Publié le 23/01/2019 à 21h06

Les charges qui semblent s'accumuler contre Carlos Ghosn n'ont pas, pour l'instant, fait l'objet d'un examen raisonné, contradictoire et public. Hors de question, donc, de gloser sur sa culpabilité ou son innocence, tant que la procédure judiciaire japonaise, étonnamment rigoureuse, n'est pas allée plus avant. On peut néanmoins formuler quelques remarques adjacentes qui éclairent les pratiques du petit monde enchanté des grands dirigeants mondiaux et ne sont guère à l'avantage du PDG sortant de Renault-Nissan. On se souviendra d'abord d'une affaire de 2011, quand Carlos Ghosn était allé au journal télévisé et avait chargé comme des mules trois de ses cadres remerciés pour avoir transmis, disait-il, des informations sensibles à la concurrence.
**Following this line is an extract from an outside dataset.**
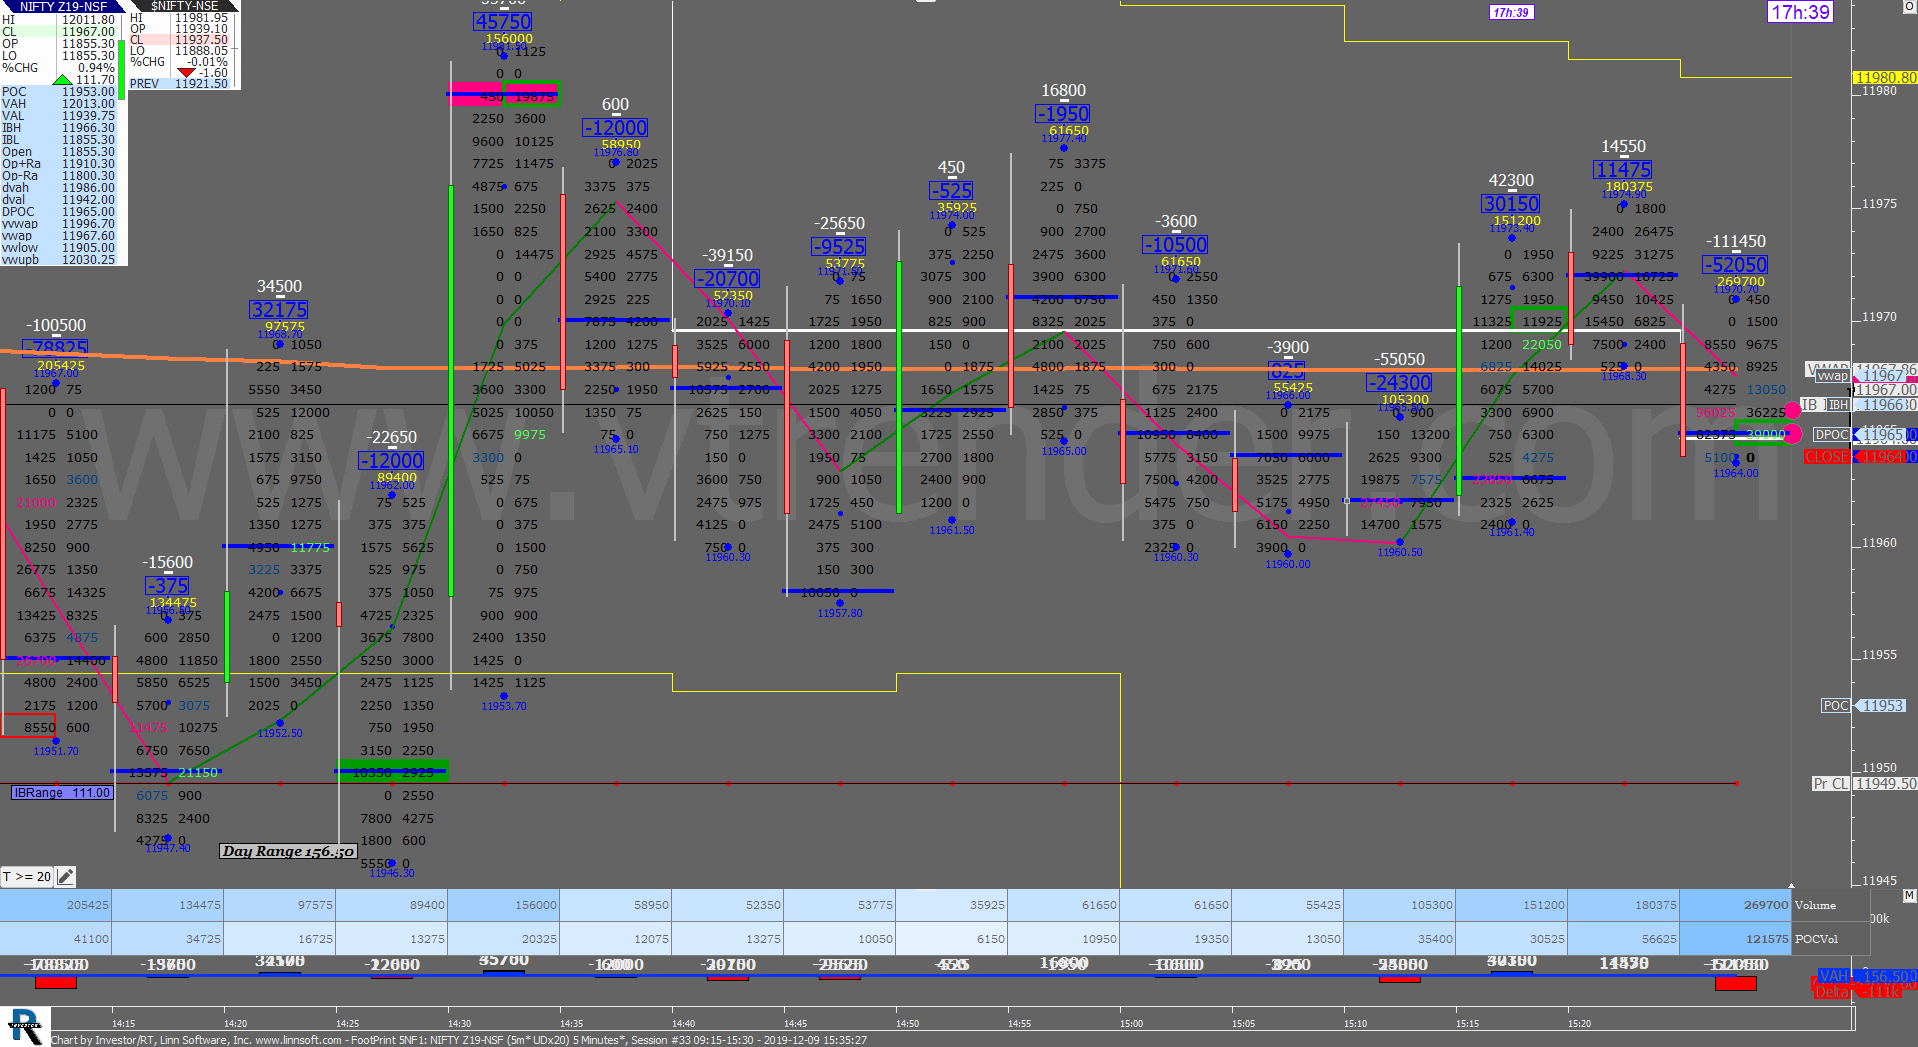 5 10 Order Flow Charts Dated 9Th Dec (5 Mins) Banknifty Futures, Day Trading, Intraday Trading, Intraday Trading Strategies, Nifty Futures, Order Flow Analysis, Support And Resistance, Trading Strategies, Volume Profile Trading
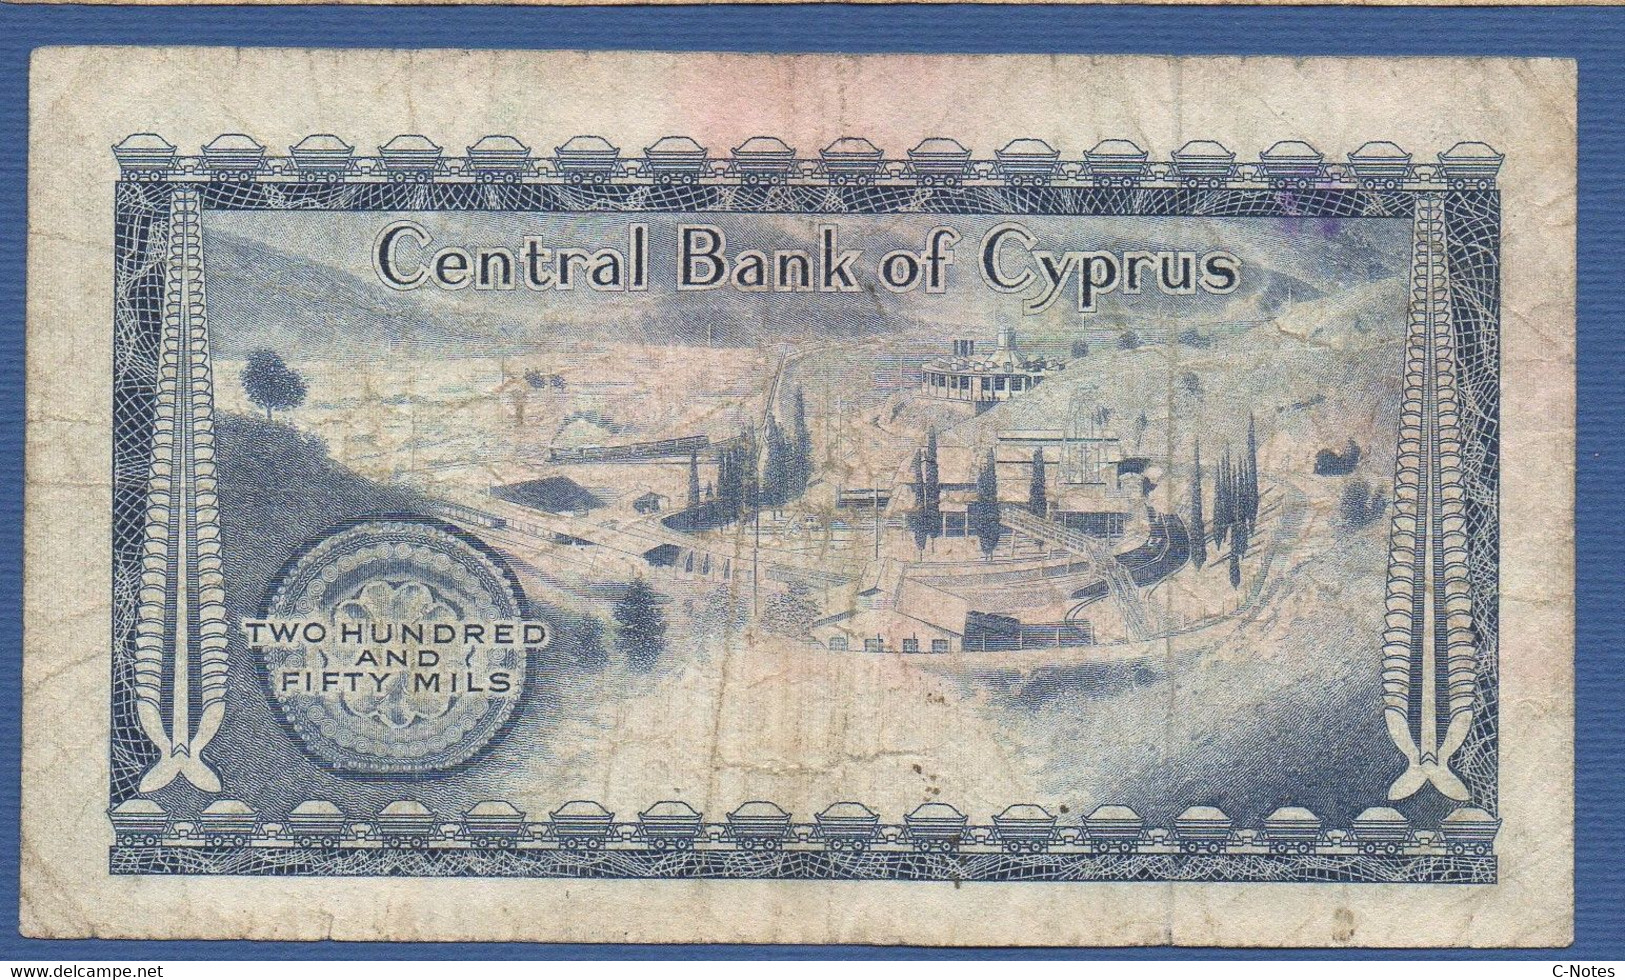 CYPRUS - P.41c – 250 Mils / Mil 01.06.1979 Circulated Serie O/64 172434 - Chypre

Un an plus tard, les trois hommes avaient été réintégrés avec des excuses. Ainsi la présomption d'innocence dont Carlos Ghosn peut se prévaloir à juste titre n'avait pas été accordée à ses salariés accusés, puis blanchis. De même, on ne sait ce qu'il en est au juste des déclarations - ou des non-déclarations - de revenus que la justice japonaise lui impute à charge. Mais on vient - dans Libération - de révéler que le flamboyant PDG s'était domicilié fiscalement aux Pays-Bas, pays où il met rarement les pieds mais où les taux d'imposition sont très accueillants. Pour un homme qui doit beaucoup au système méritocratique français et aux entreprises nationales (Polytechnique, Michelin, Renault), voilà une leçon de civisme à l'envers qui ne peut améliorer la réputation de l'intéressé, ni celle de la classe dirigeante. Si l'on ajoute à cela une méthode de gouvernement solitaire, jugée souvent arrogante, une volonté manifeste d'écarter tout dauphin dont l'étoile aurait pu éclipser la sienne, on comprend pourquoi, en dépit des résultats excellents de Renault-Nissan ces dernières années, il n'y ait pas grand monde pour défendre l'illustre prévenu de Tokyo.